BEGIN Source data
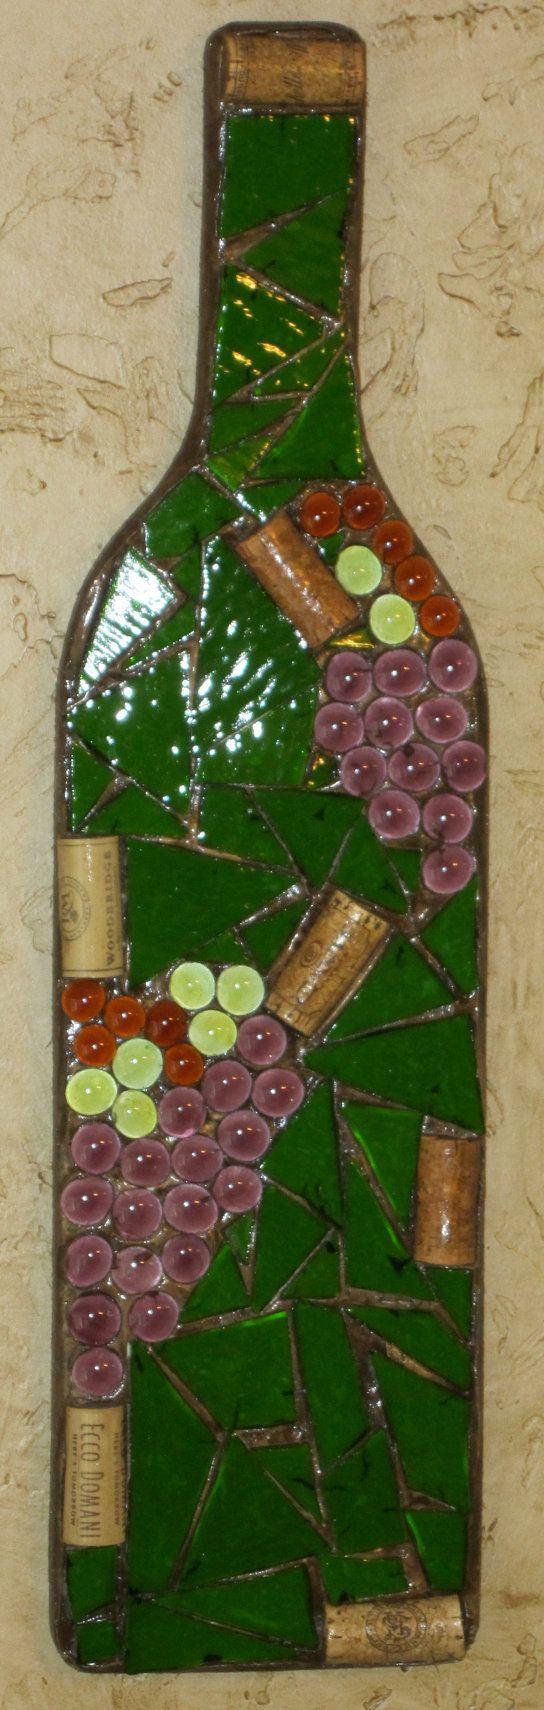 how to break wine bottles for mosaic
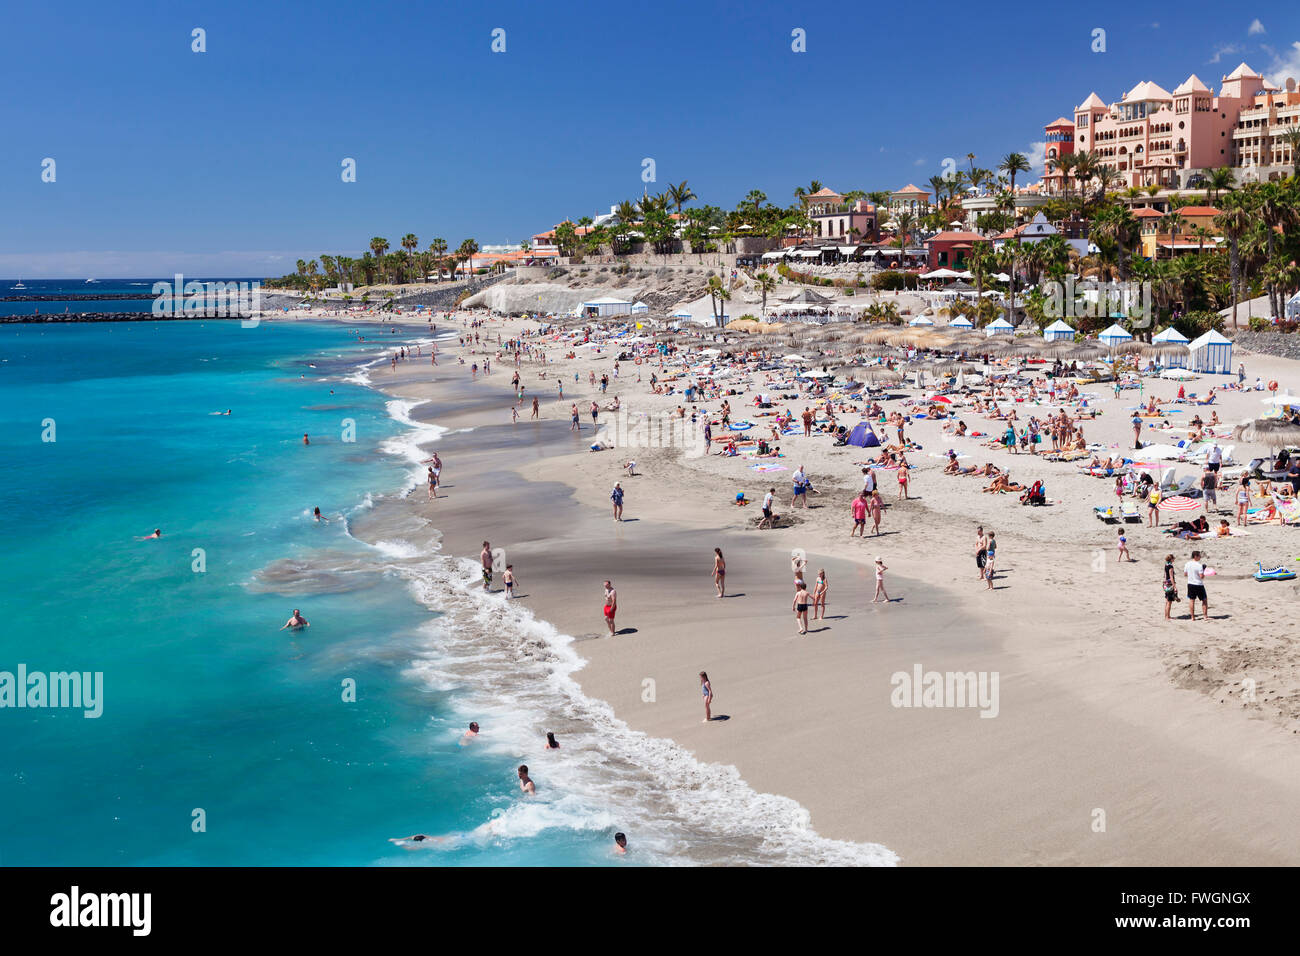 Costa Adeje Immagini   Costa Adeje Fotos Stock - Alamy 742247eda27
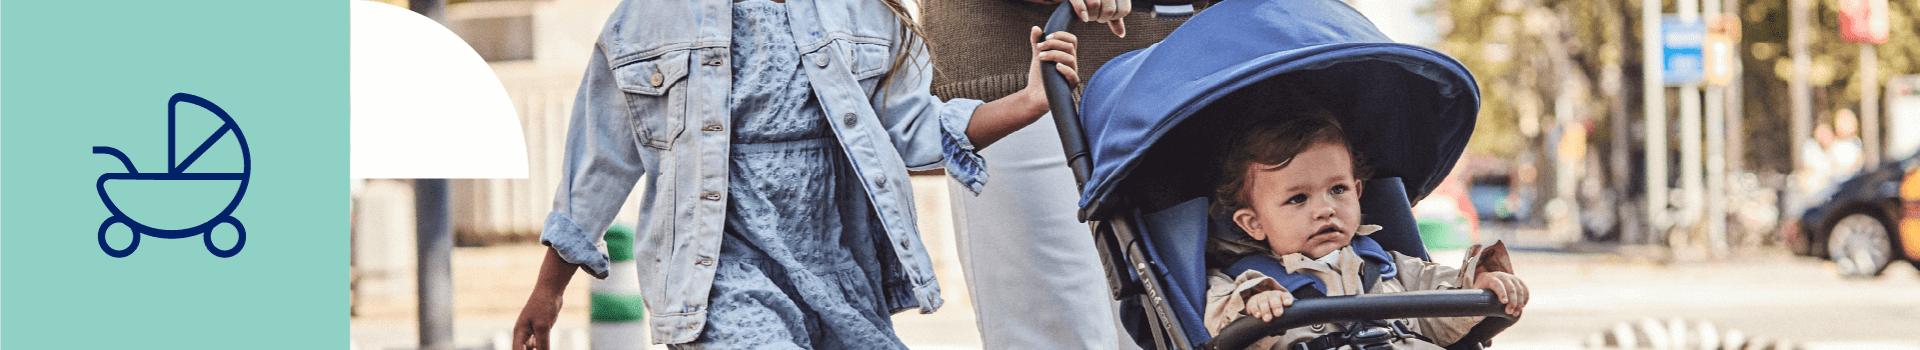 Cochecitos Jané | Los mejores carritos de bebé | Janéworld
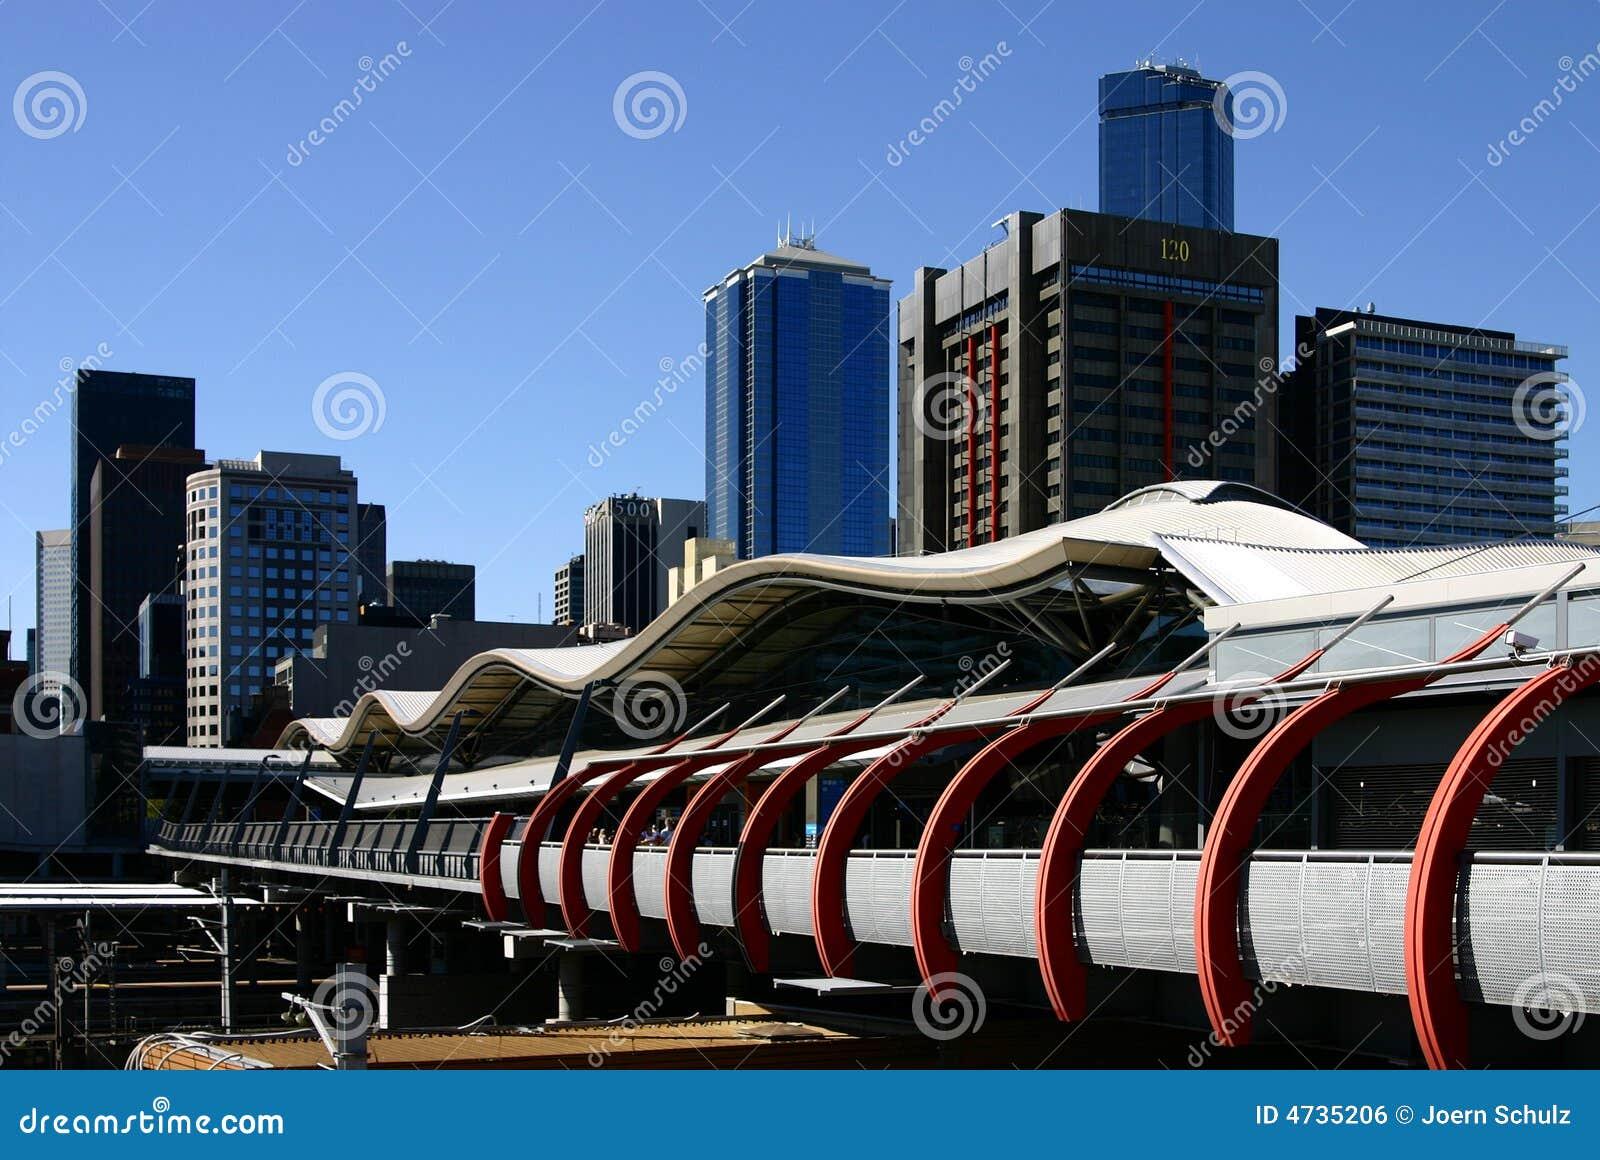 Melbourne krzyżowa południowej stacji
END Source data
**Exercise**:
For this exercise, output only the lines from the one bearing "Costa Adeje Immagini" to the end of the material above, exactly as written, with pictures left out.

**Answer for the task**:
 Costa Adeje Immagini   Costa Adeje Fotos Stock - Alamy 742247eda27
 Cochecitos Jané | Los mejores carritos de bebé | Janéworld
 Melbourne krzyżowa południowej stacji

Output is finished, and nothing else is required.